In 'Shivakumar V. Natarajan' - (2009) 27 CLA -BL Supp 62 (SC) the appellant borrowed a sum of Rs.1 lakh for the purpose of his business as loan from the complainant-respondent. The said amount was to be repaid within a period of three months. The appellant handed over a cheque dated 27.11.2003 for the said amount in favor of the respondent which was presented. It was dishonored with remarks 'insufficient funds' on 2nd December, 2003.  Information thereabout was received by the respondent on 3rd December, 2003.

On 02.01.2004 the respondent issued a legal notice to the appellant calling upon him to pay the amount within 15 days as required under Sec. 138 of the Negotiable Instruments Act. The appellant neither sent a reply to the said notice nor paid the amount due. The respondent filed a complaint against the appellant before the Judicial Magistrate, No. III, Trichy. The Judicial Magistrate convicted the appellant and sentenced him to undergo one year's rigorous imprisonment and a fine of Rs.5000/- and in default thereof to undergo further six months of simple imprisonment. He was also directed to pay a sum of Rs.1,00,000/- as compensation to the respondent under Section 357(1) of the Code of Criminal Procedure, 1973.

The Principal Sessions Judge and the High Court dismissed the appeals filed by the appellant. After that a settlement was arrived between the appellant and the respondent.

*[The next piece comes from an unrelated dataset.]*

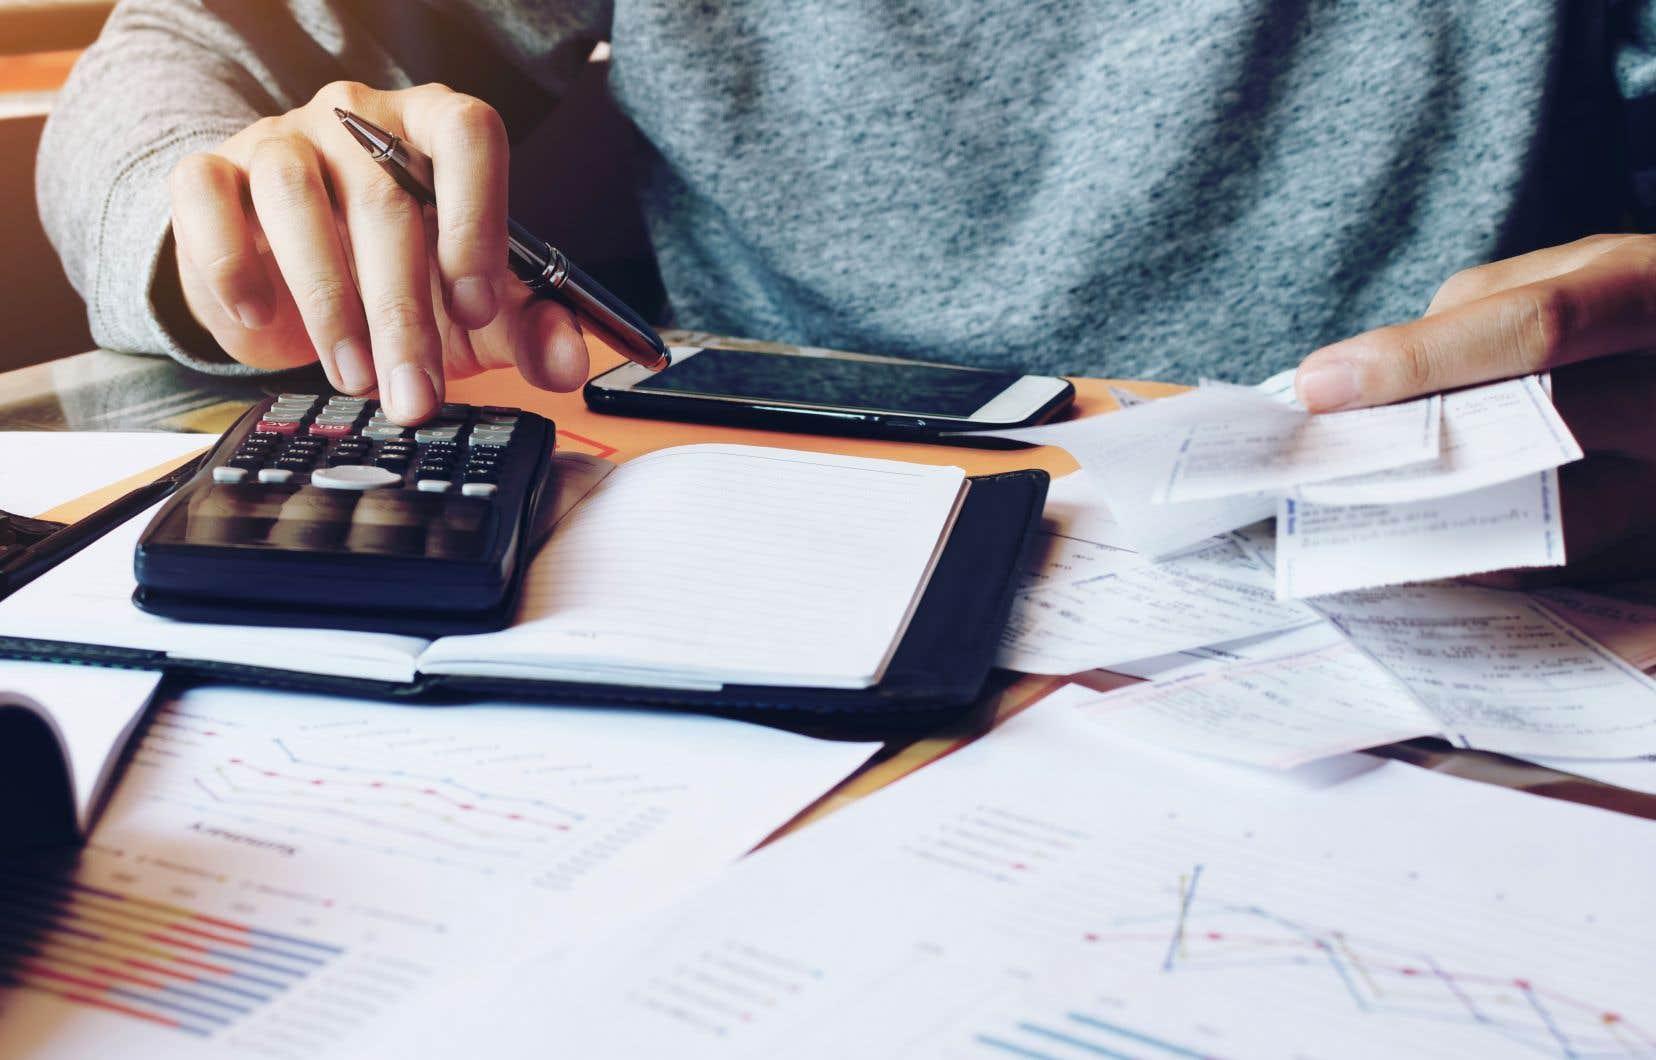 L'Institut de recherche sur l'autodétermination des peuples et les indépendances nationales (IRAI)estime qu'une déclaration de revenus unique gérée par le Québec permettrait d'économiser des centaines de millions de dollars par an.

According to the settlement the appellant is to pay to the respondent a sum of Rs.30,000/- and the respondent shall not take any action against the judgment and there shall be no interest over the issue before or after the settlement.

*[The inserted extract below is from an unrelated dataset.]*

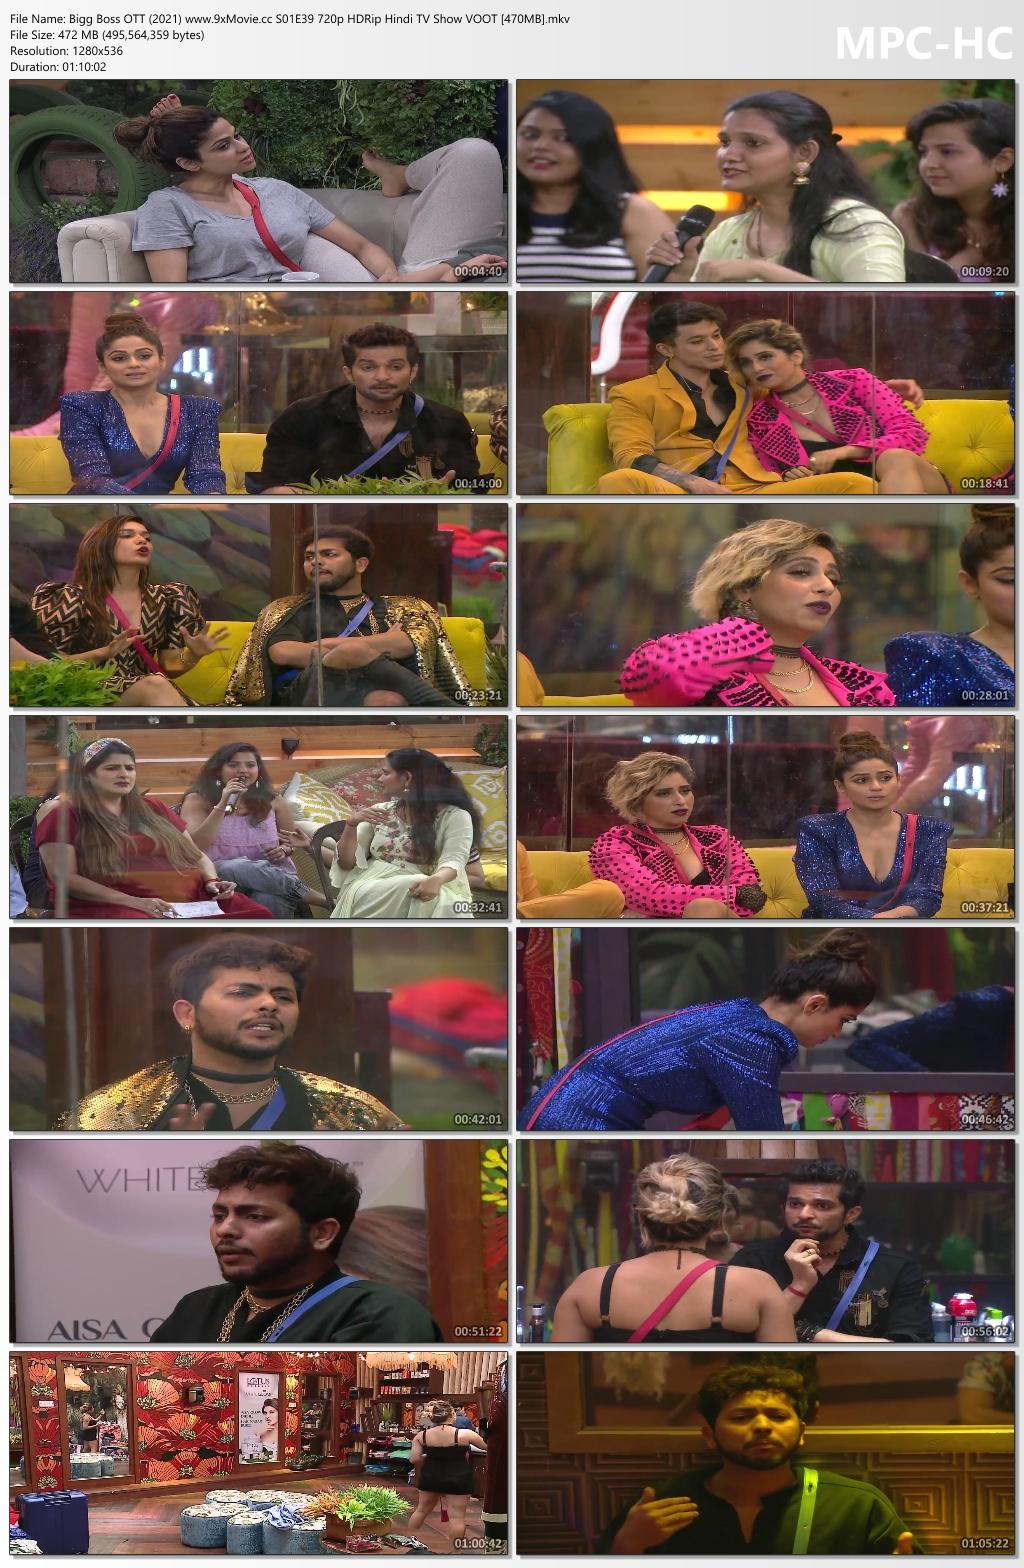 Bigg-Boss-OTT-2021-www-9x-Movie-cc-S01-E39-720p-HDRip-Hindi-TV-Show-VOOT-470-MB-mkv

The issue taken by the Supreme Court in this case is as to whether notice dated 02.01.2004 was issued within the stipulated period of thirty days from the date of receipt of intimation of the dishonor of cheque. The Supreme Court analyzed the provisions of Sec. 138 of the Negotiable Instruments Act. It noticed that the clauses of the proviso employed 'within a period'. Whereas clause (a) refers to presentation of the cheque to the bank within a period of six months from the date on which it is drawn, clause (b) provides for issuance of notice 'to the drawer of the cheque within thirty days of receipt of information'. The words 'within thirty days of the receipt of information' are significant. In this case the intimation was received by the respondent from the bank on 3rd December, 2003. The Parliament advisedly did not use the words 'from the date of receipt of information' in section 138 of the Act. It is also of some significance to notice that in terms of section 9 of the General Clauses Act, 1897, whereupon reliance has been placed by the High Court, the statute is required to use the word 'from' and for the purpose of including the last in a series of days or any other period of time, to use the word 'to'.  

The notice was issued on the 31st day and not within a period of thirty days from the date of receipt of intimation from the bank. If section 9 of the General Clauses Act is not applicable, clause (b) of the proviso appended to Section 138 of the Act was required to be complied with by the respondent for the purpose of maintaining a complaint against the appellant.